Claude Code v2.1.122 adds the ANTHROPIC_BEDROCK_SERVICE_TIER environment variable, sent as the X-Amzn-Bedrock-Service-Tier header. Set it to flex for a 50 percent discount on agent calls or priority for faster responses, without touching SDK code.

The Claude Code v2.1.122 release on April 28, 2026 added a one-line knob that anyone running the agent on AWS Bedrock has been quietly waiting for: a new ANTHROPIC_BEDROCK_SERVICE_TIER environment variable that selects the Bedrock service tier on every request. Set it to default, flex, or priority, and the CLI forwards the value as the X-Amzn-Bedrock-Service-Tier header. No SDK code changes. No JSON config edits. One env var.

Why this matters even before you read the rest

AWS introduced the Priority and Flex inference tiers for Bedrock in November 2025 as a way to trade latency for cost. Per the Bedrock service-tiers page, Flex is a 50 percent discount versus Standard pricing in exchange for “increased latency”, and Priority is a 75 percent premium that jumps your requests to the front of the queue. For an agent like Claude Code that fires off long sequences of tool-use turns over the course of a session, the math is loud. A long evergreen task that ran on default could cost half as much on Flex if you can absorb the extra wall-clock time, and a debugging session where you are babysitting the terminal could feel snappier on Priority.

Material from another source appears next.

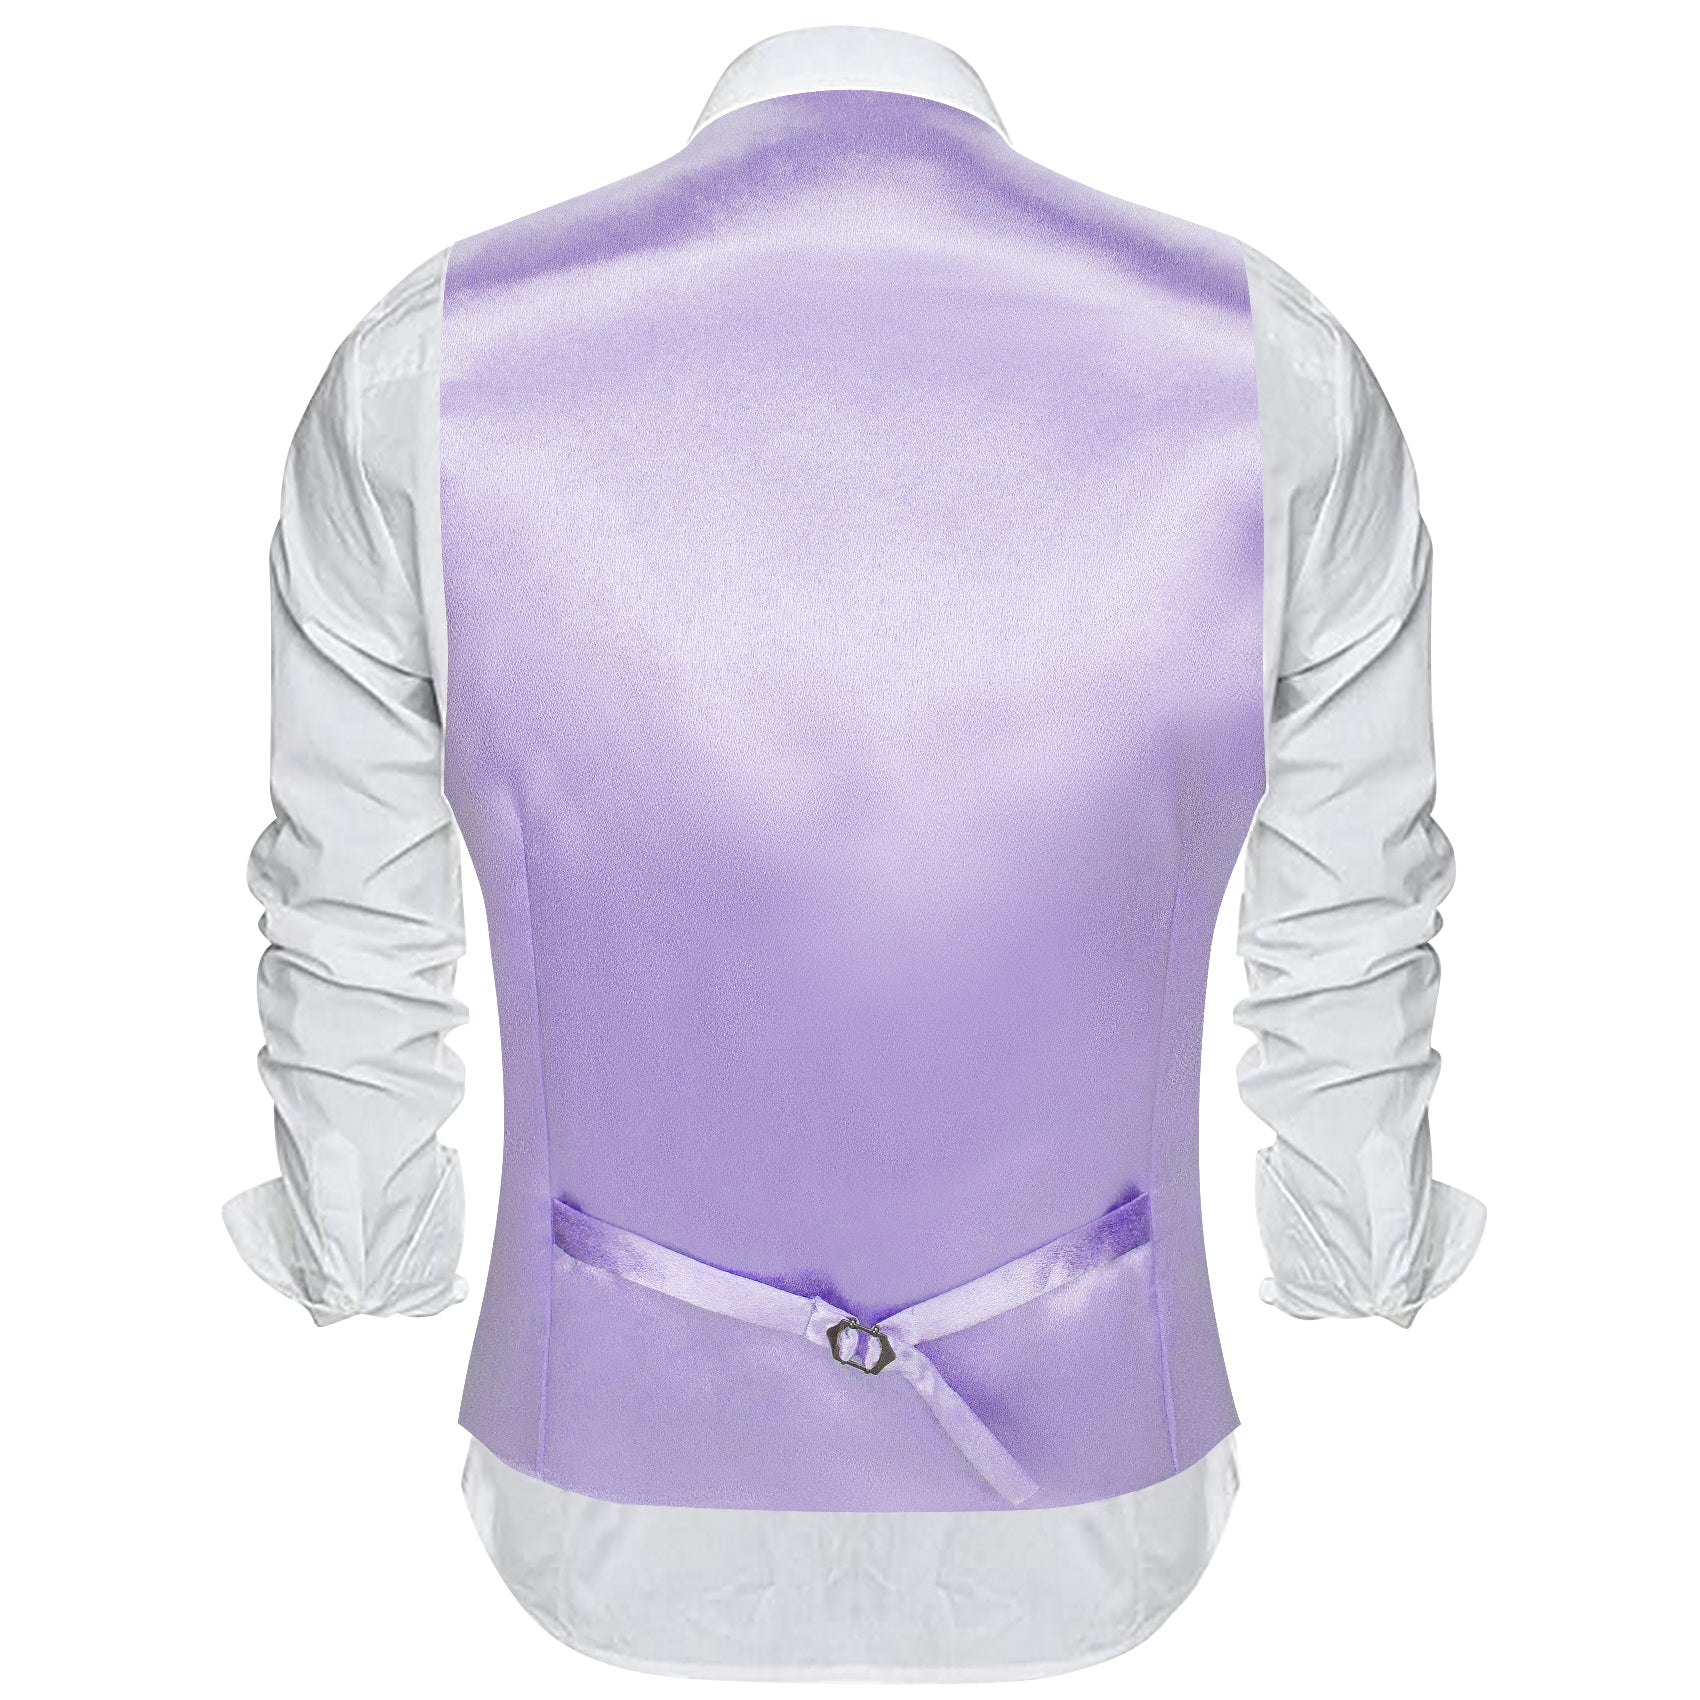 Purple Solid Silk Waistcoat Vest for Party

Until v2.1.122, the only way to pick a tier with Claude Code on Bedrock was to wrap the request layer yourself or proxy through something that could inject the header. The feature request issue that landed in this release closes that gap.

The actual usage

# Cheap background agents that triage issues overnight
export ANTHROPIC_BEDROCK_SERVICE_TIER=flex
claude --from-pr https://github.acme.internal/acme/api/pull/482

# Interactive debug session, paying for speed
export ANTHROPIC_BEDROCK_SERVICE_TIER=priority
claude

The CLI ships the value verbatim as X-Amzn-Bedrock-Service-Tier on the InvokeModel request, which is the same plumbing CloudTrail and CloudWatch already record under ServiceTier and ResolvedServiceTier. So if your platform team has dashboards on Bedrock spend by tier, the Claude Code traffic now lands in the right bucket without any extra work.

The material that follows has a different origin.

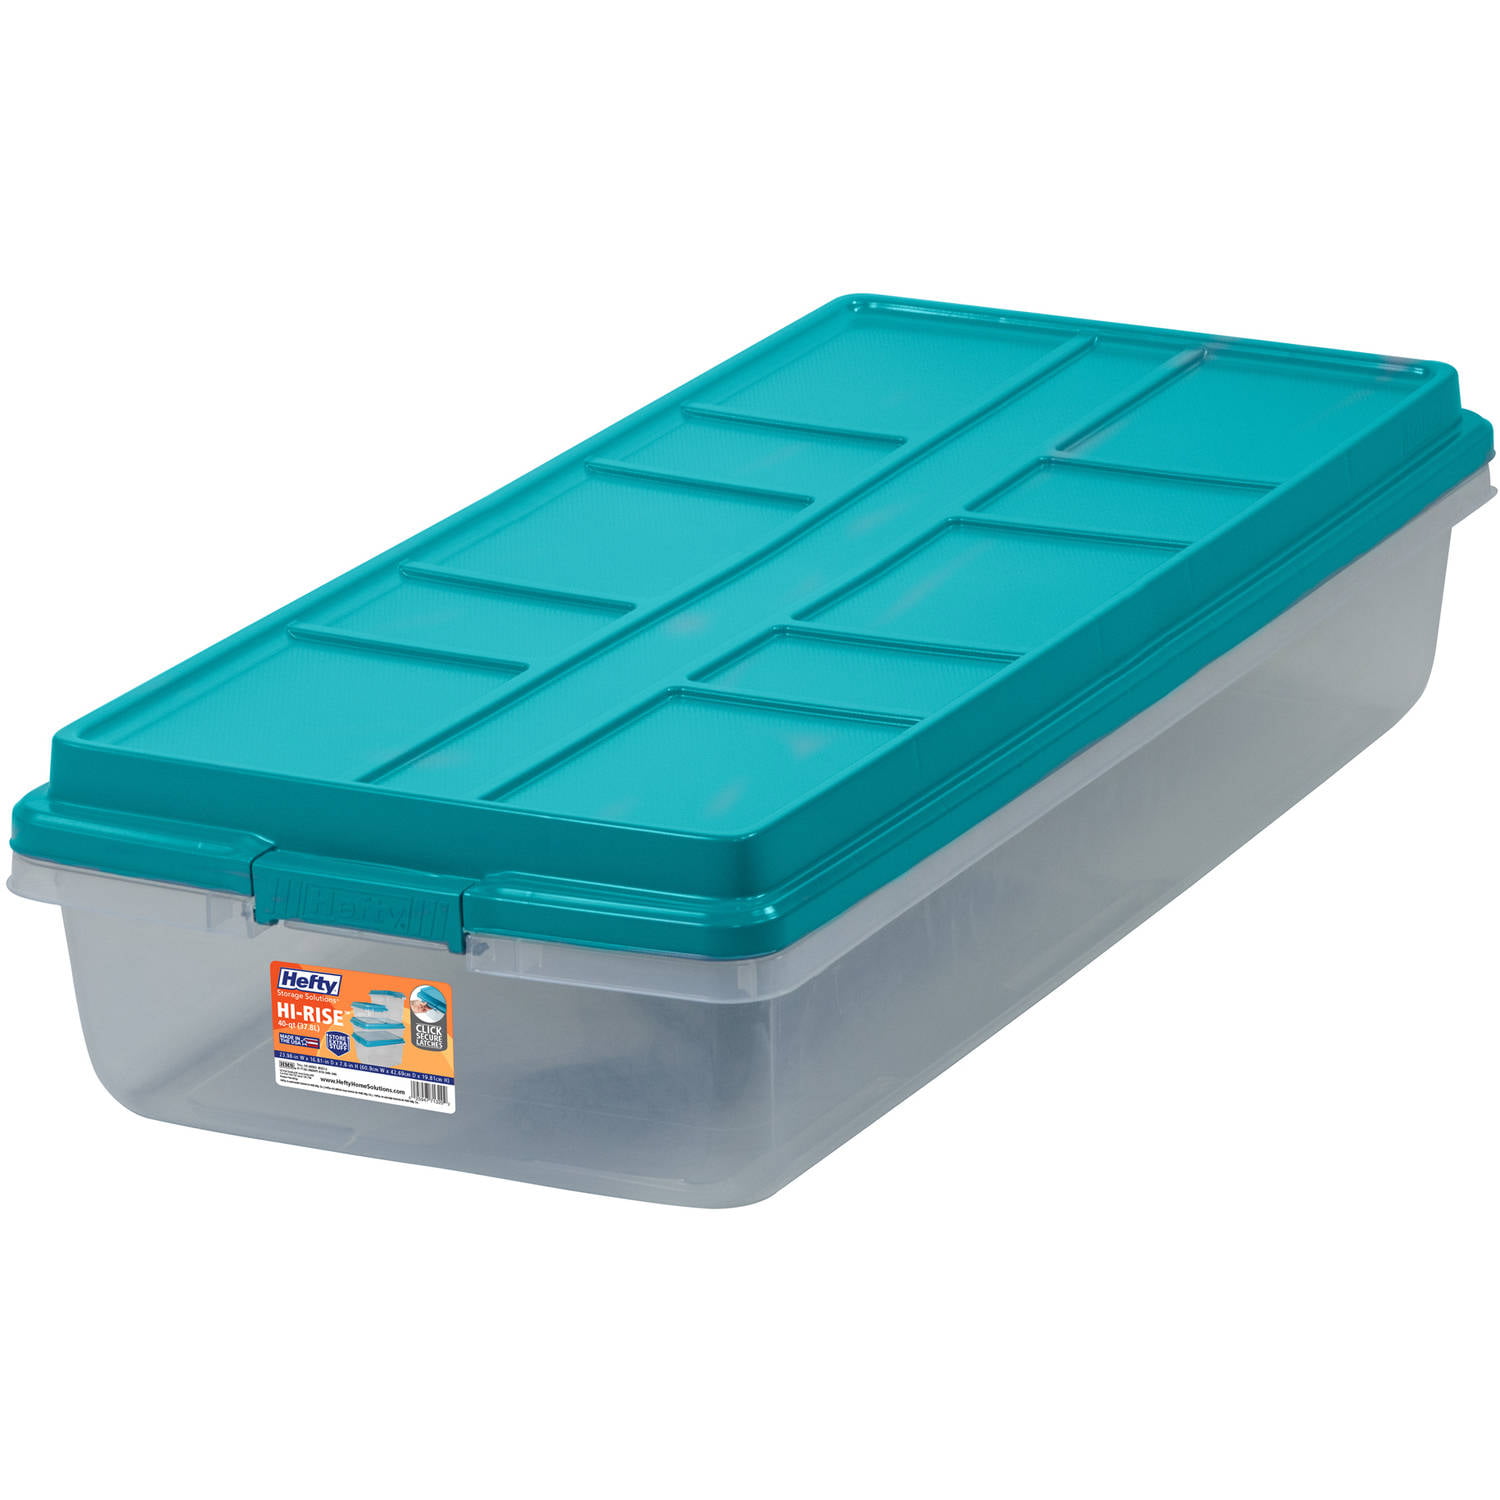 Underbed Storage Container 63Qt High Rise Clear Latch Box Teal Lid Handles Box 720389312012 | eBay

Watch out for ResolvedServiceTier

The header is a request, not a guarantee. AWS returns the tier it actually served you in ResolvedServiceTier, and Flex requests can be downgraded if the model’s flex pool is saturated. The full list of which models support Priority and Flex is on the Bedrock pricing page, and it lags the latest model launches by weeks, so confirm the model ID you are running with Claude Code is on it before you bake flex into a CI job. If a tier is unsupported, AWS falls back to the default tier transparently and bills you accordingly.

The ANTHROPIC_BEDROCK_SERVICE_TIER line is buried mid-changelog, but it is the cheapest cost lever on Bedrock-hosted Claude Code right now. Full notes are in the Claude Code v2.1.122 release page.